(WHAT YOU SHOULD DO):
Scan the records beneath this line for the line holding "750x1334 Gilgamesh, Fate" and the line holding "Buy this Great", then transcribe exactly those two and all lines between.

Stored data
# # # # # # #

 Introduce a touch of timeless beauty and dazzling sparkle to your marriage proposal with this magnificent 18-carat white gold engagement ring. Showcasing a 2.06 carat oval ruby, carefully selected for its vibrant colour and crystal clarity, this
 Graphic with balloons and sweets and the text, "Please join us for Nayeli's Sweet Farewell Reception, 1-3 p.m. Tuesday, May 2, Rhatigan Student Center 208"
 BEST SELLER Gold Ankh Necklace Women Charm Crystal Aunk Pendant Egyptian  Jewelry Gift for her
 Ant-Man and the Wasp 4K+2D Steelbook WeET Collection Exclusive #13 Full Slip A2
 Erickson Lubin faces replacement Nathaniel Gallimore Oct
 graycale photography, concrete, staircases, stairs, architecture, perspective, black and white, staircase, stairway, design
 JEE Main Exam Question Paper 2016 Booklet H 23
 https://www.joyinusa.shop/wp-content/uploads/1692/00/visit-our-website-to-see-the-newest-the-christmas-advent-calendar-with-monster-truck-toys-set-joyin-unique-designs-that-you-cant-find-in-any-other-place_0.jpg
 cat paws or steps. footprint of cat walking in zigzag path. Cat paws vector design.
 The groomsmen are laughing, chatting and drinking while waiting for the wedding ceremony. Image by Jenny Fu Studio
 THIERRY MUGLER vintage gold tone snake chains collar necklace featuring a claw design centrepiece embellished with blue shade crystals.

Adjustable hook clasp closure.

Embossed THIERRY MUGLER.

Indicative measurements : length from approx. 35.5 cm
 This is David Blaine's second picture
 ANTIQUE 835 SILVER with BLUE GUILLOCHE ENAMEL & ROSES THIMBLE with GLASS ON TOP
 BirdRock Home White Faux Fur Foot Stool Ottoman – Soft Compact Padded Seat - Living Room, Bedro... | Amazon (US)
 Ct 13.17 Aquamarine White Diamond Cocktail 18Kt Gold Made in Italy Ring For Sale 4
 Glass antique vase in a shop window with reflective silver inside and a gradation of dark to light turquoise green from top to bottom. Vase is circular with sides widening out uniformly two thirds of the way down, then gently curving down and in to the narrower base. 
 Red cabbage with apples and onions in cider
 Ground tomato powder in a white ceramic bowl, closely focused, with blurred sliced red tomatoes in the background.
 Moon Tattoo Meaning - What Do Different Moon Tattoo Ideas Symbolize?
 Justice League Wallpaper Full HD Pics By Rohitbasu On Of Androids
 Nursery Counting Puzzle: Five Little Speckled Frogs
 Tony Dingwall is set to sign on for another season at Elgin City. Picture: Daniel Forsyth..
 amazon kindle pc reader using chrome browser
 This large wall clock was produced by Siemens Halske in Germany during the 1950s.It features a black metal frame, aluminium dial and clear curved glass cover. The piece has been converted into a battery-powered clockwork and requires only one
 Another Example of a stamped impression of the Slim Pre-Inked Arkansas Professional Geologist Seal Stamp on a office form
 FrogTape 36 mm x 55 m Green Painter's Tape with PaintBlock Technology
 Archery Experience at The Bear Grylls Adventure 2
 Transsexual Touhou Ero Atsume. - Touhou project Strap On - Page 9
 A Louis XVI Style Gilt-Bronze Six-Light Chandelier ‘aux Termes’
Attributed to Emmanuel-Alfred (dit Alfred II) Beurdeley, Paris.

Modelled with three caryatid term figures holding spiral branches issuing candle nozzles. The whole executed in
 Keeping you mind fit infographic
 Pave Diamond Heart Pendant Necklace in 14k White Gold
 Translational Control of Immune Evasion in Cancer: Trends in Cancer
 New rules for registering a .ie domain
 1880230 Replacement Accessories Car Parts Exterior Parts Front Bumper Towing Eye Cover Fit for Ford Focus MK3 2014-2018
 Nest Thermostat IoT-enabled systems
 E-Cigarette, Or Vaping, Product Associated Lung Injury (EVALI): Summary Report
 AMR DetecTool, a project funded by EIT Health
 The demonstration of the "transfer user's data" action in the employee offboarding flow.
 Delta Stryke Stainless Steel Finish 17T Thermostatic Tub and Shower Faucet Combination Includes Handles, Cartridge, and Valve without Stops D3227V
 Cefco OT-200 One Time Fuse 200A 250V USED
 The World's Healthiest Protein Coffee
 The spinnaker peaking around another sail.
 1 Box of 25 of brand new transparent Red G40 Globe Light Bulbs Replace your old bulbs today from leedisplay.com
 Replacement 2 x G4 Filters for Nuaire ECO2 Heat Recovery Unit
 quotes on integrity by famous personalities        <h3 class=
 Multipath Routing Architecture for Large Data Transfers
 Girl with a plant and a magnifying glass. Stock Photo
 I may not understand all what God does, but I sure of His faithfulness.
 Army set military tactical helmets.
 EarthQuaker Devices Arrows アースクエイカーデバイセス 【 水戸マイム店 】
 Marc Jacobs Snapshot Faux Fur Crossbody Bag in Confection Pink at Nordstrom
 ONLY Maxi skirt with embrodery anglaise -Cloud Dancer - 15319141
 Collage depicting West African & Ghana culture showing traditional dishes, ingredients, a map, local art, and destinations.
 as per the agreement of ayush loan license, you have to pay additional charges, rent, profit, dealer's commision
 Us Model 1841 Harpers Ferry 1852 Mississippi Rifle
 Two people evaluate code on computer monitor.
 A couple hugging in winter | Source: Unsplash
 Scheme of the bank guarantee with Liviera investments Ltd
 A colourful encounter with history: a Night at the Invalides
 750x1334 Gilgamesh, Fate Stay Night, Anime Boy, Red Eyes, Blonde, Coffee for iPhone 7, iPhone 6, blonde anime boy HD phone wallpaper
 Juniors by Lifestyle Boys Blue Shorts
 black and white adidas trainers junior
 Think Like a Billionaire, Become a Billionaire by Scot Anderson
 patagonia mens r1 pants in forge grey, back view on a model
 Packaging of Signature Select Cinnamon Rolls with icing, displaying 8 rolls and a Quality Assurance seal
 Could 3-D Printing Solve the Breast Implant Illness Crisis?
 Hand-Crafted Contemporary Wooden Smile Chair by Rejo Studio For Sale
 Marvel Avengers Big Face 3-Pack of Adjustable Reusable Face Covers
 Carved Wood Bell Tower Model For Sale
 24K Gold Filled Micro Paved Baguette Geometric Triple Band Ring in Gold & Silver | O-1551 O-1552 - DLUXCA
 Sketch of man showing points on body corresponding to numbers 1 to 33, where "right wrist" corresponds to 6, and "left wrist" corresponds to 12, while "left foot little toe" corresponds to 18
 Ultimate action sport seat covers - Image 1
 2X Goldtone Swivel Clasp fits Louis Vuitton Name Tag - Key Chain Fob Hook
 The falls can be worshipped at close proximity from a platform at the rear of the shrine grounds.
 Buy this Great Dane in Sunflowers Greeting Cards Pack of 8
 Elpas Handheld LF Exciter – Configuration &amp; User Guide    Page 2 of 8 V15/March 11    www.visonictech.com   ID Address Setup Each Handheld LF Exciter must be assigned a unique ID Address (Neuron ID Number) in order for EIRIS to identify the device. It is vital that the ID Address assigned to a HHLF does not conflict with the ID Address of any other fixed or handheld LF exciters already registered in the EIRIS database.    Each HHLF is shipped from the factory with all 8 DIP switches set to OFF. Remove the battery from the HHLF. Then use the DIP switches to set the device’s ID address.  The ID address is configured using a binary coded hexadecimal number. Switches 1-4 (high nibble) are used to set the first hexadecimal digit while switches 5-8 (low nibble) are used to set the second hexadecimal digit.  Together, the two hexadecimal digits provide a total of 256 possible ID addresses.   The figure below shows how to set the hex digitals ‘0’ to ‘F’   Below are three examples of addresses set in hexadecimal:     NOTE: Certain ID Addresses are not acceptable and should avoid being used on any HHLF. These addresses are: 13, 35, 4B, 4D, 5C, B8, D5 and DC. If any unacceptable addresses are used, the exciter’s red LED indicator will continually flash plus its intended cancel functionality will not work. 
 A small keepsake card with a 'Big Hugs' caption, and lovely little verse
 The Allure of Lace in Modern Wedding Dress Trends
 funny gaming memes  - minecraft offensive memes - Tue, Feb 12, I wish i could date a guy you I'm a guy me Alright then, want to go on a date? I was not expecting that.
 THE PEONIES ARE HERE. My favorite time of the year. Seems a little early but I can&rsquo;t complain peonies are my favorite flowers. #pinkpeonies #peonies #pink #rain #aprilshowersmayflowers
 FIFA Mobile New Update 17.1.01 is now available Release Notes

# # # # # # #

(COMPLETED TASK):
 750x1334 Gilgamesh, Fate Stay Night, Anime Boy, Red Eyes, Blonde, Coffee for iPhone 7, iPhone 6, blonde anime boy HD phone wallpaper
 Juniors by Lifestyle Boys Blue Shorts
 black and white adidas trainers junior
 Think Like a Billionaire, Become a Billionaire by Scot Anderson
 patagonia mens r1 pants in forge grey, back view on a model
 Packaging of Signature Select Cinnamon Rolls with icing, displaying 8 rolls and a Quality Assurance seal
 Could 3-D Printing Solve the Breast Implant Illness Crisis?
 Hand-Crafted Contemporary Wooden Smile Chair by Rejo Studio For Sale
 Marvel Avengers Big Face 3-Pack of Adjustable Reusable Face Covers
 Carved Wood Bell Tower Model For Sale
 24K Gold Filled Micro Paved Baguette Geometric Triple Band Ring in Gold & Silver | O-1551 O-1552 - DLUXCA
 Sketch of man showing points on body corresponding to numbers 1 to 33, where "right wrist" corresponds to 6, and "left wrist" corresponds to 12, while "left foot little toe" corresponds to 18
 Ultimate action sport seat covers - Image 1
 2X Goldtone Swivel Clasp fits Louis Vuitton Name Tag - Key Chain Fob Hook
 The falls can be worshipped at close proximity from a platform at the rear of the shrine grounds.
 Buy this Great Dane in Sunflowers Greeting Cards Pack of 8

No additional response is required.